Therapy can bring the coercive abuser’s main tool of gaslighting to the awareness of the abused. It can be so subtle, confusing and de-stabilising, causing the abused to doubt and lose themselves. In therapy you will be validated and helped to see what is truly going on and how to handle it.


For example working with a co-dependent lady who wondered why she wasn’t thriving and who initially came for support on how to deal with her narcissistic mother. I asked her about her relationship with her partner. She said great, I had wondered if he was gaslighting her due to a few things she had mentioned– next session she said the very first question he asked her when she returned from our first session was “well did she(me) tell you everything you are doing wrong” she said she saw and understood so many things for the first time, that awareness continued throughout the week.

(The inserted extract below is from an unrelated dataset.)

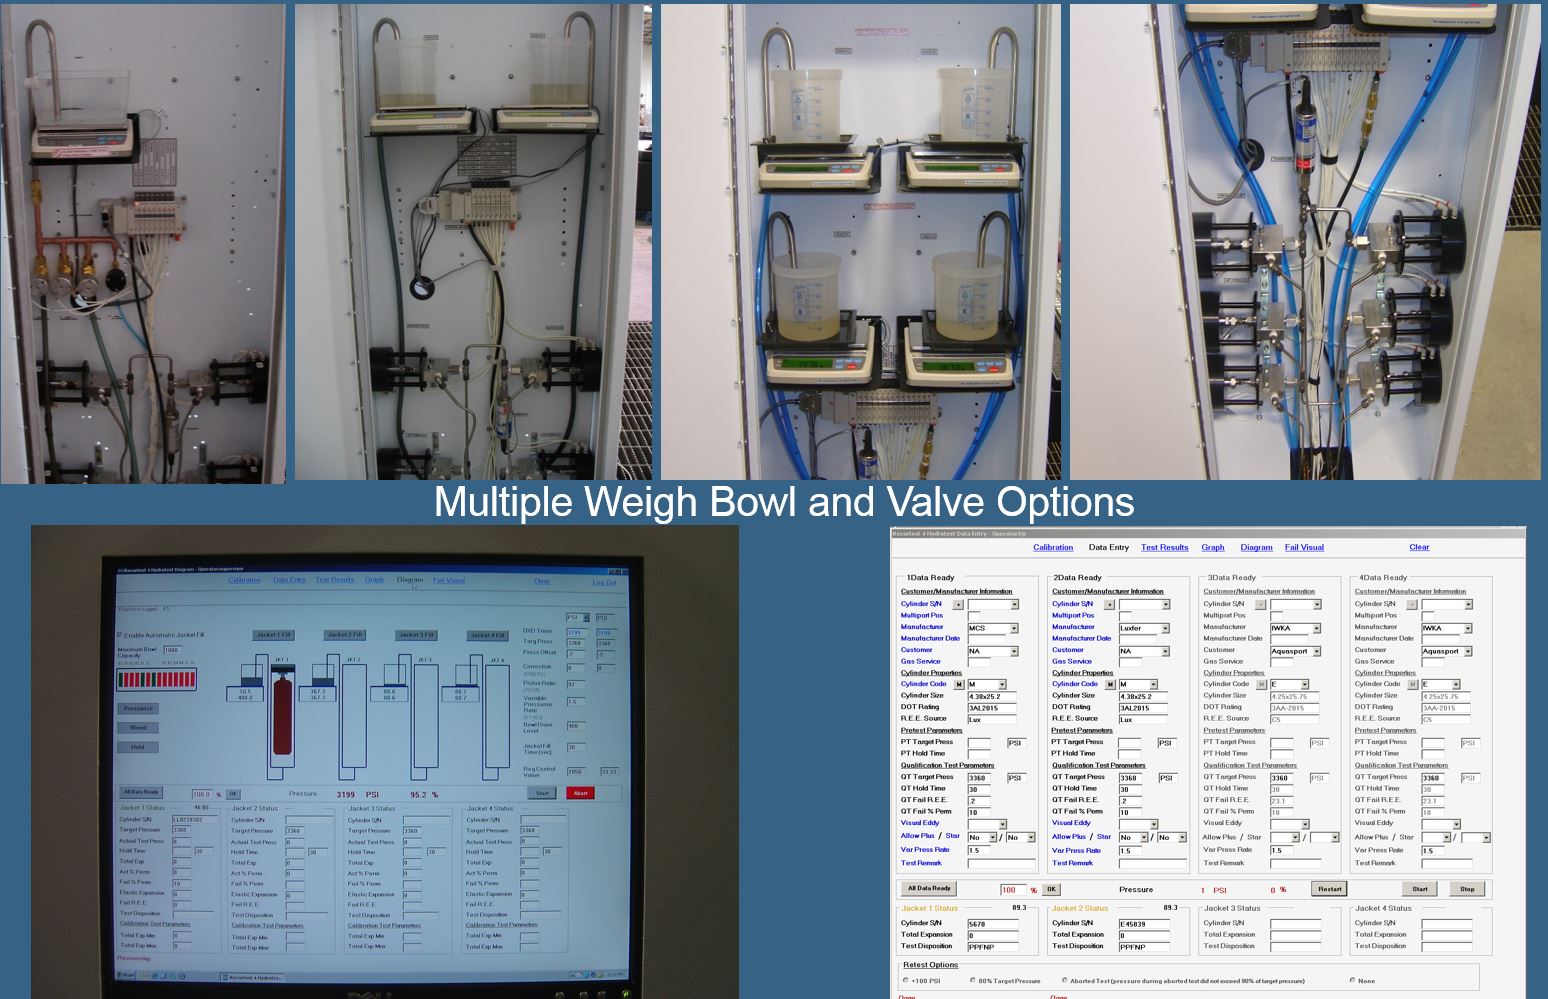 Hydrostatic Multiple Weigh Bowl and Valve Options

In a co-dependent/coercive type toxic relationship the co-dependent who keeps going back for more and is so attached that they can’t leave often has become addicted to their abuser. In therapy the addicted person is helped to recover from this toxic addiction, as a heroin addict would be helped with their addiction. Being addicted to a person gives the same good feeling as being addicted to heroin and it’s the most difficult addiction to free yourself from alone. Therapy is an essential support.


I have noticed an interesting pattern in 3 out of 5 relationships coercive relationships where the abused partners were complaining of poor communication, or irrational, reactive, distracted, impulsive, poor listening skills, or poor planning and lack of support and work addiction issues -that there was a suspicion of a high degree of undiagnosed ADHD and ASD present. Many of these clients were eventually diagnosed with ASD/ADHD by a neuropsychiatrist and also in all cases each had a child that exhibited similar presentation. In some cases these clients became more compassionate towards each other.


So if you are in a relationship that is not thriving or is indeed abusive seek out therapeutic support with a therapist who has knowledge about coercive control and co-dependency. It is essential you seek this support to work on yourself to build up your emotional strength and find your voice maybe for the first time in your life. You can never change the coercive controller/narcissist. That is their responsibility. Just focus on yourself.

However, if you think you are in immediate physical danger go to your GP and the Guards and women’s aid or men’s aid. They will let you know if it’s advisable to get a safety order or even a barring order, the legal people who work in the appropriate area will advise you what is the best route to take. They will also help you to report any child welfare issues to TUSLA.


Have a safety plan prepared i.e. going to as safe part of the house away from dangerous objects that you can be attacked with, keeps spare car keys always ready, back car into drive way, and some spare basic clothes ready and hidden, have trusted neighbours aware so you can switch on and off lights to get their attention, have a code word, have local guards number, know your local battered women’s shelter, unfortunately there are none yet available for men hopefully this will change soon.


It is essential for your children that they have a chance to live in a healthy family system, where their needs are central. This might mean two parents who are willing to change and work on the relationship by going to counselling together. CHANGE CAN HAPPEN. Or by having at least one healthy parent. This will positively impact on the self-esteem and contentment of all.